There was a significant progress in various areas of the Aim, including adding more supported platforms, taking the UI to the whole new level, adding remote tracking capabilities, revamping the CLI, extending the QL and moving towards active monitoring for optimizing large-scale trainings.

In addition to adding new features and extending Aim, improvements in performance and usability were applied to enhance the overall user experience. Furthermore, new integrations with machine learning tools were implemented to make it easier to use Aim in a broader technology stack

Overall, these improvements greatly enhanced the functionality and usability of Aim for tracking machine learning experiments for both small and large scale projects.

Aim Community

blog image

We are on a mission to democratize AI dev tools!

Numerous external contributions were pushed to “main” in 2022. Without community support, Aim would not be where it is today.

Congratulations to Sharathmk99YodaEmbeddinghjoonjangjangopdjwesselGeeeekExplorerdsblanktimokaukumarshreshthakage08karan2801hendriks73yeghiakoronianudusearnauddhaenelukouckyArvind644shrinandj for their first contributions over the past year! 🎉

These contributions have covered a range of areas, including documentation, user guides, the SDK and the UI!

Highlights

  • Supported platforms were expanded to include Docker, Apple M1, Conda, Google Colab and Jupyter Notebooks.
  • The UI was given a makeover, with upgraded home and run single pages, as well as brand new experiment page.
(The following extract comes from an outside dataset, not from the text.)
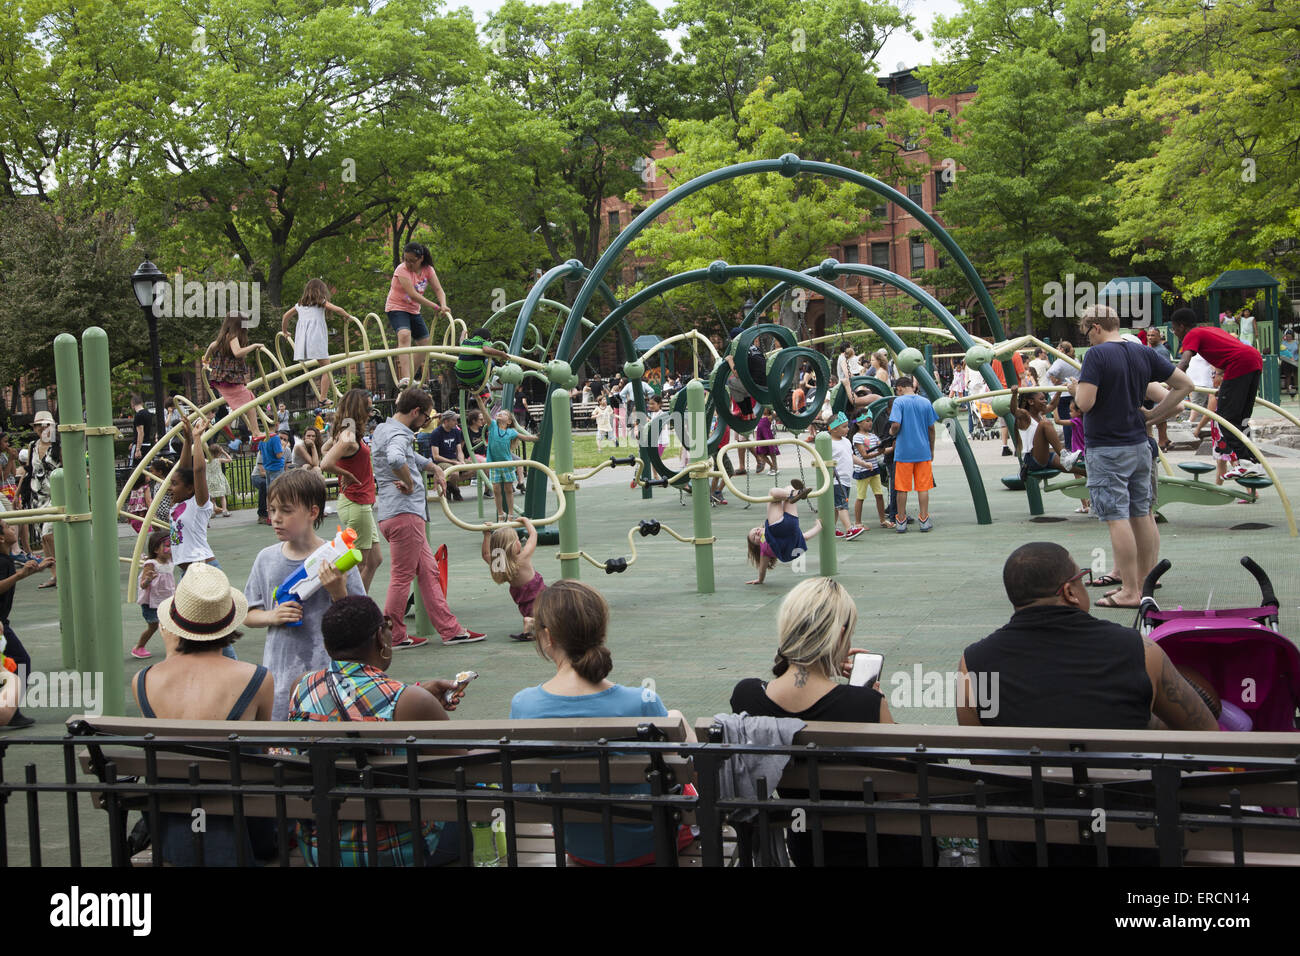 Vicinanze Parco giochi è affollata con famiglie e bambini in una calda giornata di primavera a Park Slope, Brooklyn, New York. Foto Stock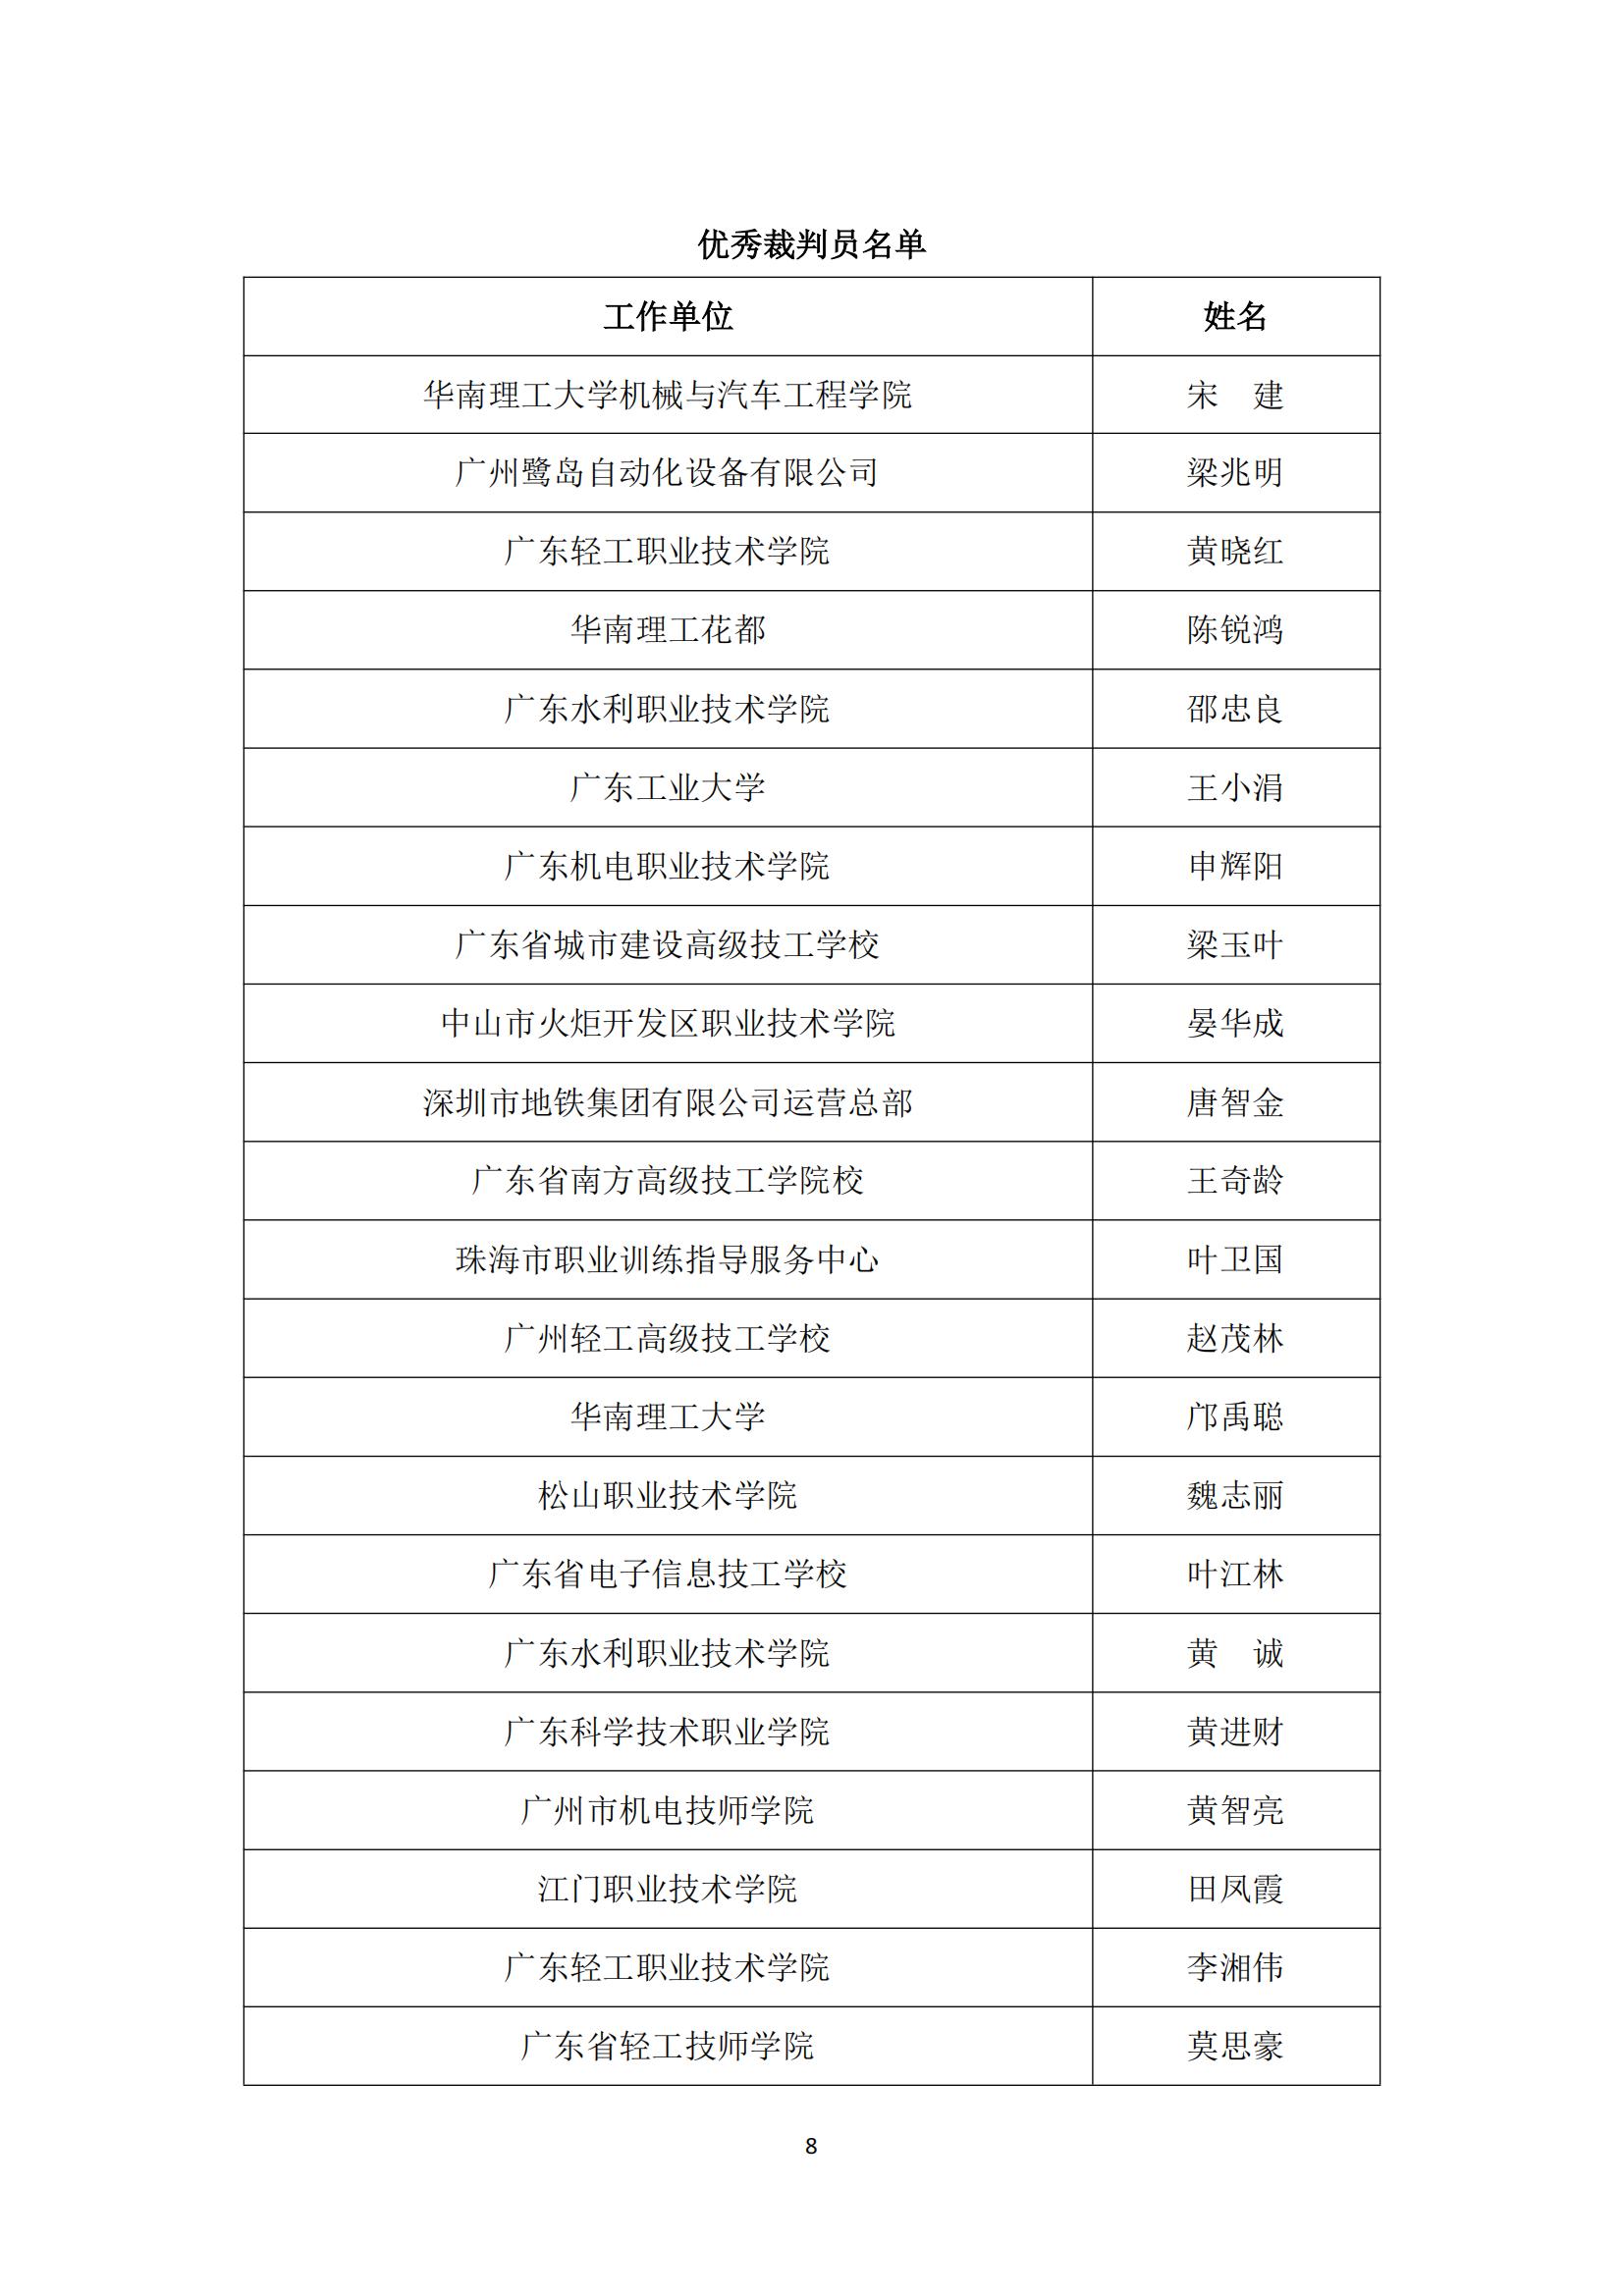 2017 年中国技能大赛——广东省可编程序控制系统设计师（机电一体化）职业技能竞赛_07.jpg

The new audio and figure explorers now allow for the exploration of more types of metadata.
  • Aim remote tracking server was rolled out to enable tracking from multi-host environments.
  • Active monitoring capabilities were enabled, such as notifications for stalled runs, and the ability to programmatically define training heuristics using callbacks and notifications.
  • Aim was integrated with 9 different machine learning frameworks alongside with 3 convertors that help to migrate from other experiment trackers.
  • Last but not least, the documentation was completely revamped, including almost 40 pages of guides towards helping in effectively using and understanding Aim.

Supported Platforms

Improvements were made to ensure Aim works seamlessly with widely used environments and platforms in ML/MLOps field, including adding support for new platforms.

blog image

  • Support for running Aim on Apple M1 devices.
  • Support for using Aim inside Google Colab and Jupyter notebooks.
  • Docker images for Aim UI and server.
  • Support for running Aim in Kubernetes clusters.
  • Aim became available in Conda.

User Interface

The UI is one of key interfaces to interact with the ML training runs tracked by Aim. It’s super-powerful for comparing large number of trainings. The UI was significantly improved in the past year with new pages and explorers to help to explore more metadata types.

blog image

  • Revamped home page to see project’s contributions and overall statistics.
  • Revamped run page to deep-dive into an individual run.
  • Brand new experiment page to view experiment’s details, attached runs, etc.
  • New explorers, such as the “Figures Explorer” and “Audio Explorer”, to allow a cross-run comparison of Plotly figures and audio objects respectively.
  • “Metrics Explorer” key enhancements, including displaying chart legends and the ability of exporting charts as images.

Command Line Interface

Aim CLI offers a simple interface to easily manage tracked trainings. Two key groups of commands were added:

  • Runs management to enable the base operations for managing trainings — list, copy, remove, move, upload, close.
  • Storage management to help to manage Aim data storage, such as reindexing, pruning, managing data format versions (advanced usage).

blog image

Query Language

Aim enables a powerful query language to filter through all the stored metadata using python expressions. A few additions were done providing a more friendly and pythonic interface for working with date-time expressions, as well as querying runs based on its metrics results.

blog image

Remote Tracking

The Aim remote tracking server, which allows running trainings in a multi-host environment and collect tracked data in a centralized location, used to be one of the most requested features.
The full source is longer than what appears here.